COLUMBUS—The Clippers did not have a spectacular performance at the plate Sunday night, but they won anyway, thanks largely in part to a superb outing from T.J McFarland.
The 23-year-old right-hander threw a complete-game shutout, propelling Columbus (37-40) to a 4-0 win against the Lehigh Valley IronPigs in front of 8,505 fans at Huntington Park.
Making his fifth start of the season with Columbus, McFarland (2-1) turned in one of his best performances of his professional career. He struck out four batters and allowed only four hits, but it was his low-pitch count that allowed him to stay in, and finish, the game. McFarland needed just 100 pitches to get through nine frames, pacing Columbus to a speedy victory that took only two hours and twenty-two minutes to complete.
Columbus manager Mike Sarbaugh said McFarland’s command and use of his sinker were the key reasons for the solid start.
“His sinker was on. I thought he was on the plate which was important for him, and he mixed in his secondary stuff which is important for him,” he said. “He did a really nice job.”
The nine innings thrown by McFarland are a season high for a Columbus starter. Left-hander David Huff had the previous high with an eight-inning outing on May 30 at Buffalo. McFarland had not gone more than seven innings in 14 combined starts with Columbus and Double-A Akron.
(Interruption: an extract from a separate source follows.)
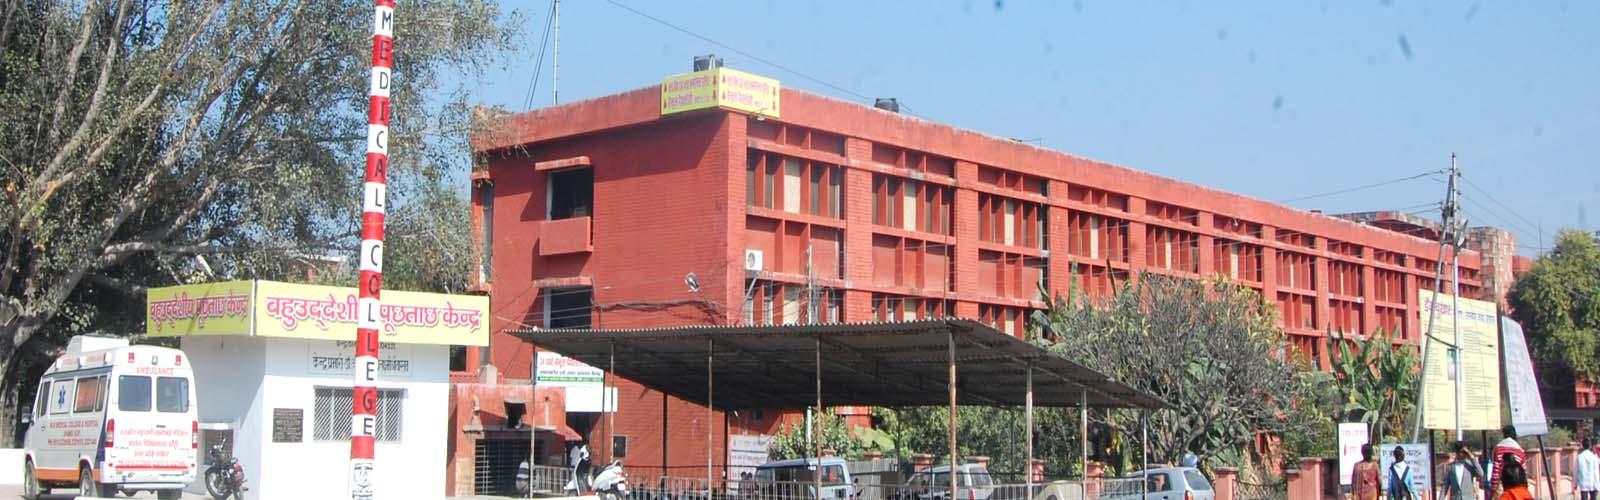 maharani laxmi bai medical college admissions contact website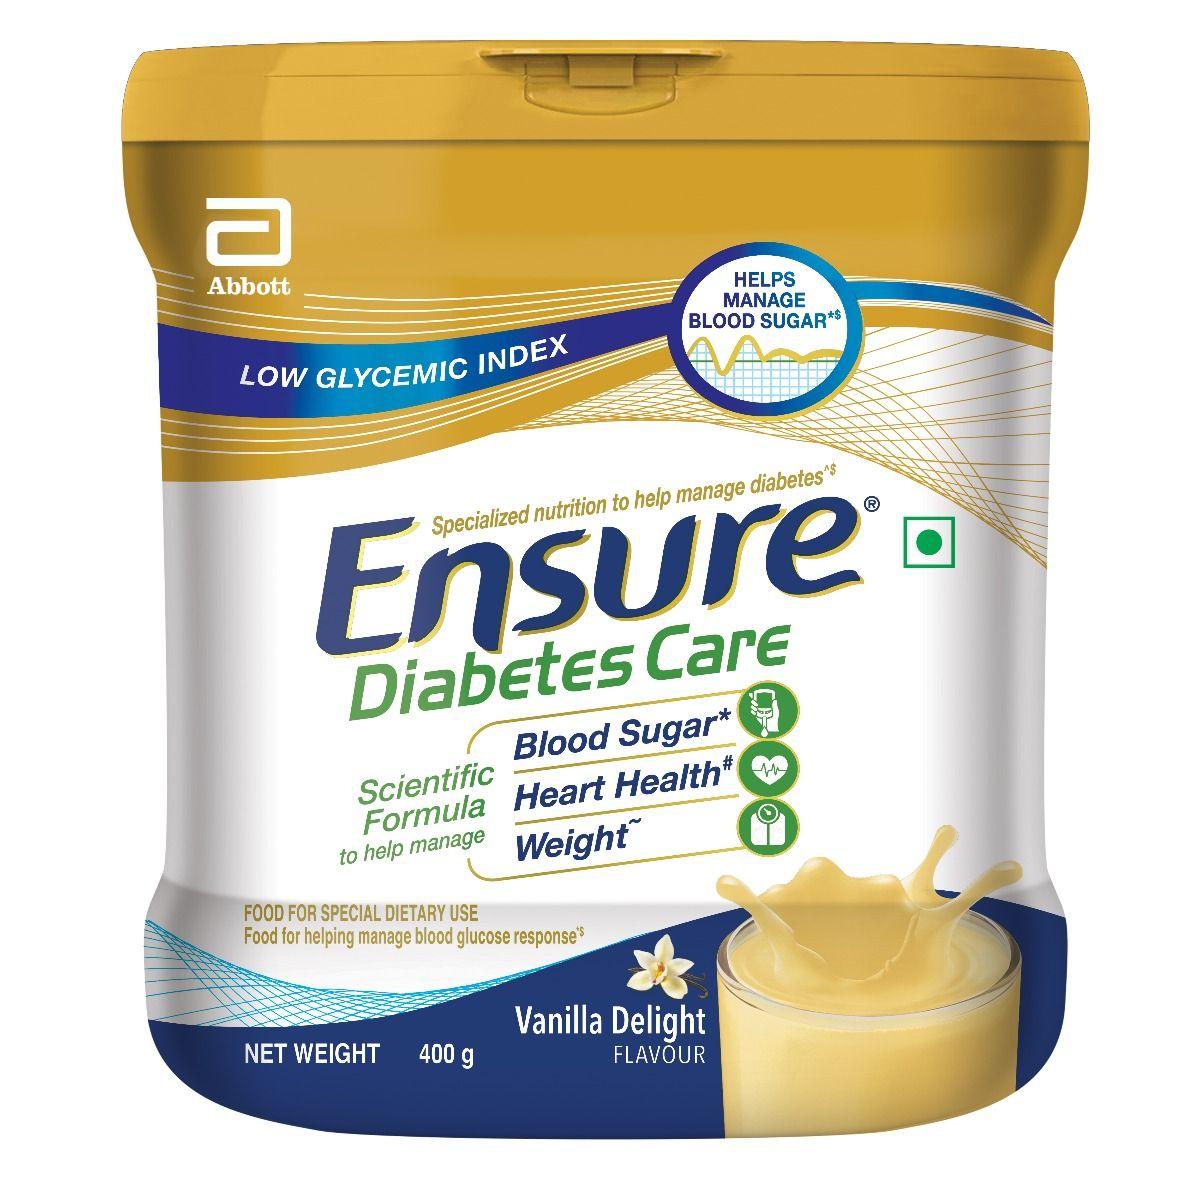 Ensure Vanilla Delight Flavoured Diabetes Care Powder, 400 gm Tin

McFarland’s ability to pitch to contact was the reason for the lengthy outing, according to Sarbaugh.
“That’s important for him, because he does have such good sink (on his pitches) he gets a lot of ground balls. He has the ability to get deep into games, he threw 100 pitches in nine innings. That’s a great game,” Sarbaugh said.
When McFarland did allow a batter to reach base, they were not there for long.
After Lehigh Valley second baseman Kevin Frandsen singled to start the fourth inning, IronPigs designated hitter Erik Kratz grounded into a five-four-three double play two hitters later. Lehigh Valley center fielder Kyle Hudson walked with one out in the sixth inning, but McFarland caught him stealing with a pick-off move to first base that ended with Hudson getting tagged out at second base. No Lehigh Valley player reached third base, and only one—left fielder Jason Pridie—got in scoring position.
Lehigh Valley right-hander Scott Elarton had a quality start, but Columbus got to him early, giving McFarland a lead to work with.
With runners on first-and-second base in the bottom of the second inning, Clippers’ third baseman Gregorio Petit smacked a double to left field that one-hopped off the wall, plating designated hitter Chad Huffman. Columbus catcher, Matt Pagnozzi, scored an at bat later when center fielder Ezequiel Carrera grounded out to second.
“Any time, especially at home, you feel good when you get an early lead and get some momentum going. (McFarland) did a great job getting us back into the dugout quick to keep our momentum,” Sarbaugh said.
McFarland had five innings in which only three batters reached the plate. When the Clippers scored first in the second, McFarland had a one-two-three inning in the third.
Like McFarland, Elarton had his best stuff when the Clippers got men on base. Columbus went 2-for-10 with runners in scoring position, and left seven runners on. The Clippers came into Sunday’s contest with a .372 batting average with runners in scoring position over the past five games.
Elarton, after six-strong innings, fell apart in the bottom of the seventh inning.
The right-hander gave up back-to-back line-drive singles to Pagnozzi and Petit with one out, and allowed a run when Carrera smoked a fastball down the right-field line and into the corner. Carrera, along with Petit, led the way for the Clippers, going 2-for-4 with two RBIs. Carrera had struggled in the series first two games with a 1-for-8 line.
Columbus and Lehigh Valley will conclude their four-game series on Monday night at 7:05 p.m.